Fallacy #3: “Leadership” is a skill

In the real world product beats paper every time.

I read a lot of resumes from people who clearly obsess over them. They are spattered with a diverse array of activities and list vague skills like, “Leadership”, and “Integrity”. These don’t indicate anything but an obsession with credentials and titles. You’ve got to demonstrate value creation.

Resumes and degrees are signals. Their only purpose is to let you broadcast that you pass some minimum bar of intelligence and ability. They can’t do much more, and increasingly, they don’t even do well at that minimum signal. Activities are not outcomes. Anyone can join a club or be named treasurer. Few can actually create value in a demonstrable way. The latter crushes the former every time.

Can you show something you’ve actually “shipped”? Do you have an easily verifiable reputation for getting stuff done? Show, don’t tell. Show them the website you built. Show them the number of new page likes your Facebook ad campaign generated. Let them see the customers you served, the money you raised, the newsletter you produced, or the app you launched.

Whether any of these tangible creations succeeded is far less important than whether you finished them. Everyone can sign up for stuff and spout about ideas.

Everyone can pass a class. Very few can deliver results on time. Almost no one can conceive an idea and bring it to life without being forced to be some authority figure.

Focus less on the resume and more on the product.

Fallacy #4: There is one right path

Most likely your future job doesn’t exist yet. Don’t stress about it, this is a good thing.

It’s ridiculously painful to decide what your calling in life is, and what educational and career steps you must take to live it.

Relax. There isn’t a single path that, if missed, will doom you forever. You’re travelling to a largely unknown destination.

How can you plan for that? Simple: don’t try to do what you love, just try to avoid what you don’t.

Make a list of things you really don’t like, aren’t good at, and don’t even really want to be good at. Anything not on that list is fair game. Go try it. When you discover through experience more things you dislike, add them to the list. Pretty soon the field of viable options will begin to narrow. Any step within that field is a step in the right direction.

Fallacy #5: You are an employee

Machines and software are better employees than humans. So what.

You’ve got one amazing advantage: humans are wonderfully creative and adaptive. Use it. You can’t afford the employee mindset, where you simply specialize, follow orders, and expect your company to do the heavy lifting when it comes to your financial support, happiness, and reputation. You are your own firm, wherever your paycheck may come from.

You’ve got to think like an entrepreneur.

Take ownership of the company vision, whether you created it or not. Understand that you’re not just laying bricks, but building a cathedral. Ask questions. Look for ways to improve, even things outside of your department or direct control. Do one thing to add value to yourself and your company every single day.
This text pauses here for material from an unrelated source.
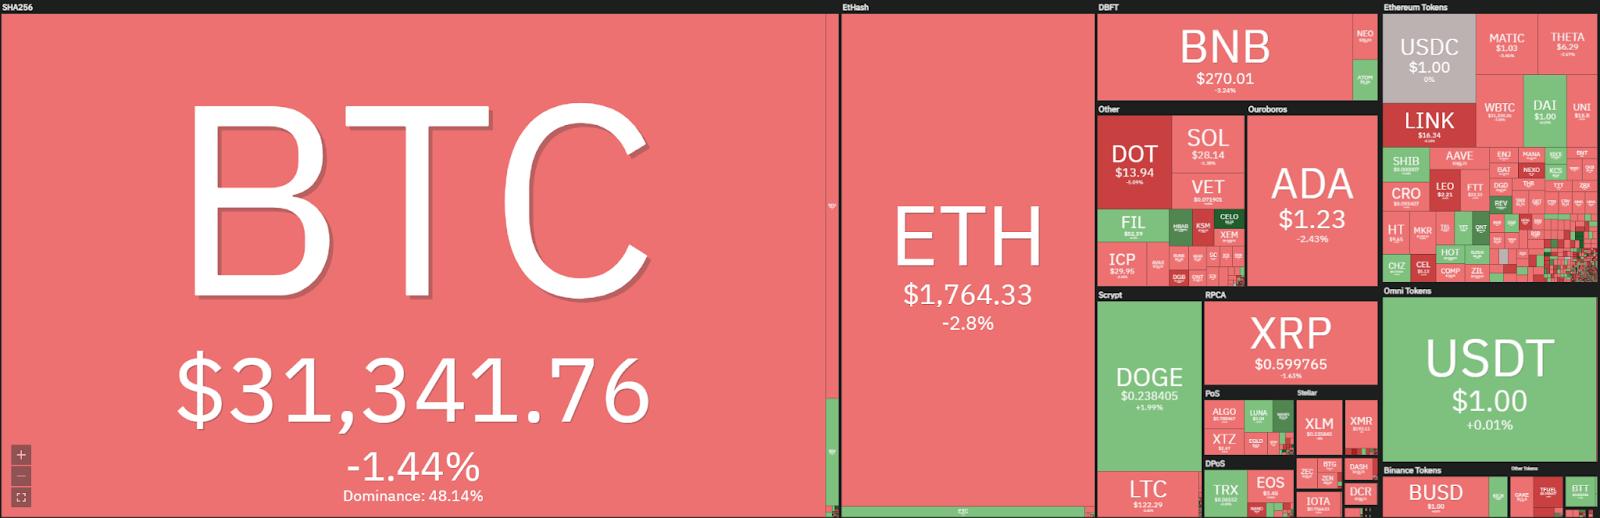 Litecoin price analysis: Litecoin slowly declines to $120, prepares to break lower? 1

This doesn’t mean you should ever consider yourself too good for old fashioned grunt work. Ask any entrepreneur if they’ve ever done their own data entry or toilet scrubbing. They have. It does mean you have to adopt a big-picture mindset and don’t wait for assignments, but look for ways to create value. Whenever possible, just do them rather than asking permission.

As the market changes demand for whatever specialized skills you have may grow or shrink. The one thing that will always be in demand is creative problem solvers who think big and act swiftly.

Conclusion

What does combating all these myths have in common? You can’t wait around for other people to confer status, knowledge, or success on you.

You’ve got to take the reins and build your own education and career, and it all begins with a mindset shift.